County warrants do not bear interest. This was decided in Taylor v. Board of Police of Chickasaw county, in 1869, by the high court of errors and appeals, Opinion Book K," p. 61, and we think correctly. Interest is the creature of statute, and our statute does not embrace county warrants. The common understanding of the community is, that they do not bear interest. They do not purport to bear interest. It is not in the contemplation of persons to whom warrants are issued that' they are to carry interest. Our statute, § 2279 Code, has reference to the contracts of individuals, and not of the state or counties, which are not supposed to be included in any statute imposing burdens, unless specially named or fairly embraced' in the language used. Section 2281, as to judgments, embraces only those between individ*817uals, enforceable by execution, and does not include allowances by boards of supervisors, which, though called judgments, are not strictly such in the legal acceptation. The demand of payment of county warrants does not create any light to interest from that date. Not bearing interest, they cannot be made to bear it by a demand of payment.
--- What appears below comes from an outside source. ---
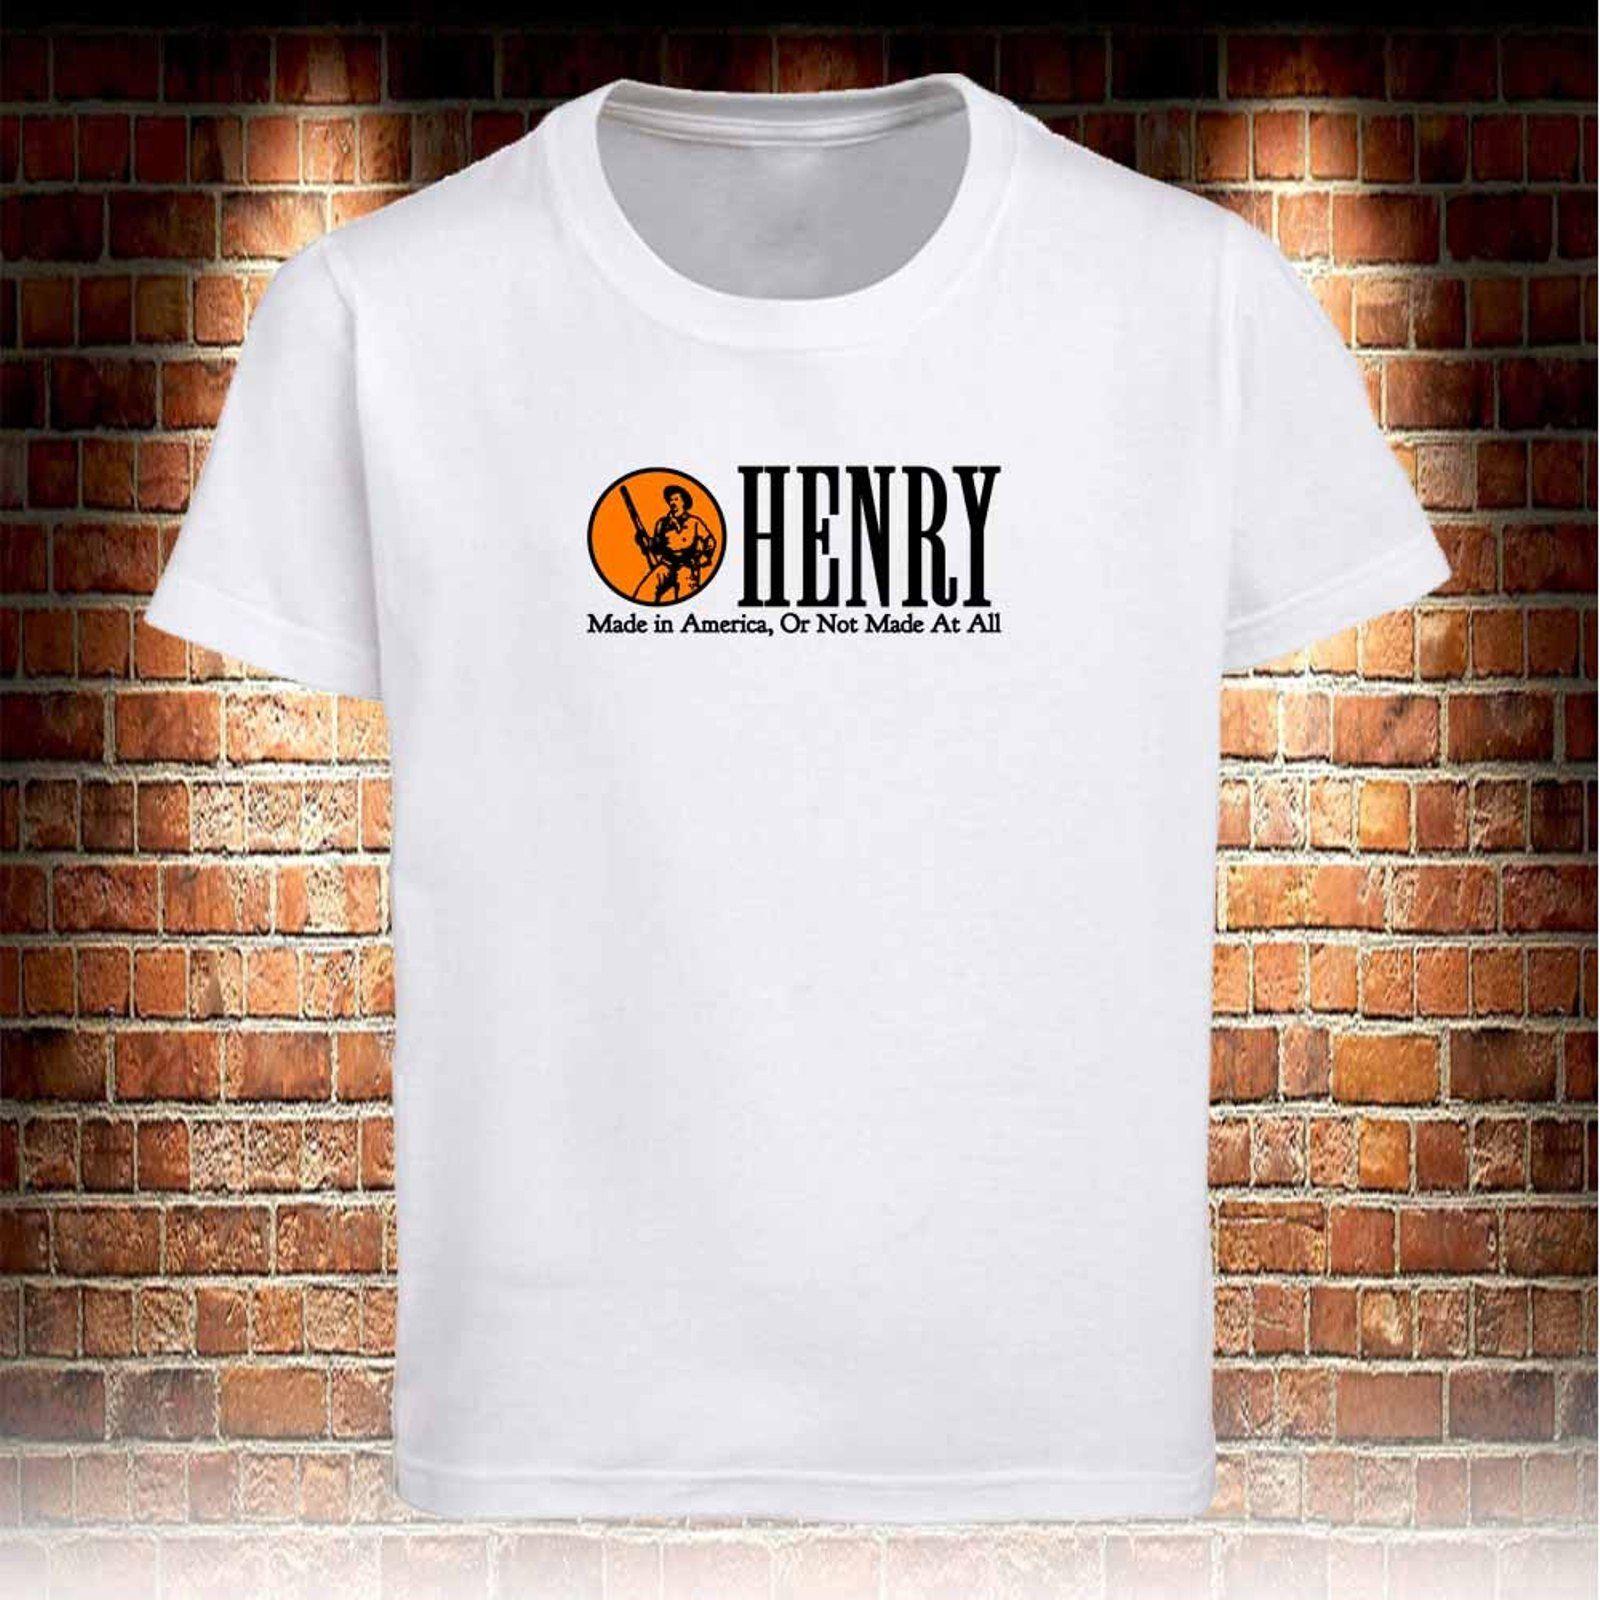 Henry Repeating Arms Logo - Henry Repeating Arms Firearms Logo White T Shirt Men'S Tshirt S To
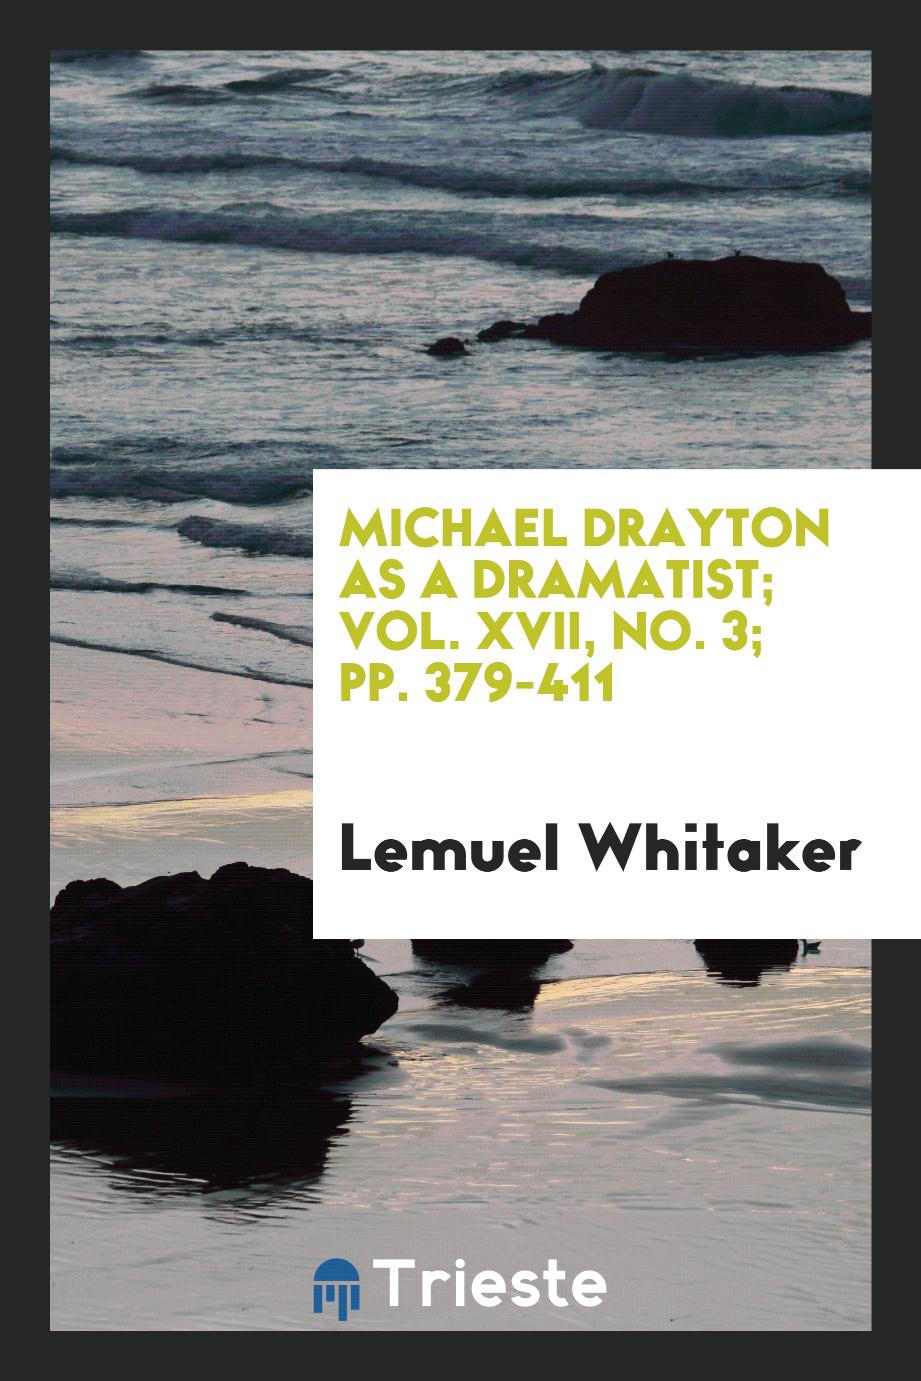 Michael Drayton as a dramatist; Vol. XVII, No. 3; pp. 379-411

The requirement to levy taxes should be to pay certain specified warrants, describing and identifying them by numbers, dates, amounts, and names of persons to whom issued, so that the treasurer may readily know to what warrants to apply the money collected under the levy, and may certainly apply it to them and take them up and present them to the board of supervisors as his vouchers on settlement for such application of the taxes paid him, and to be canceled by the board of supervisors.

The judgment of the circuit court, not being according to these views, will be reversed, and judgment may be entered here for a peremptory mandamus to the board of supervisors of Warren county, for the levy of a tax sufficient to pay the warrants described in the petition herein, in accordance with the views expressed in this opinion.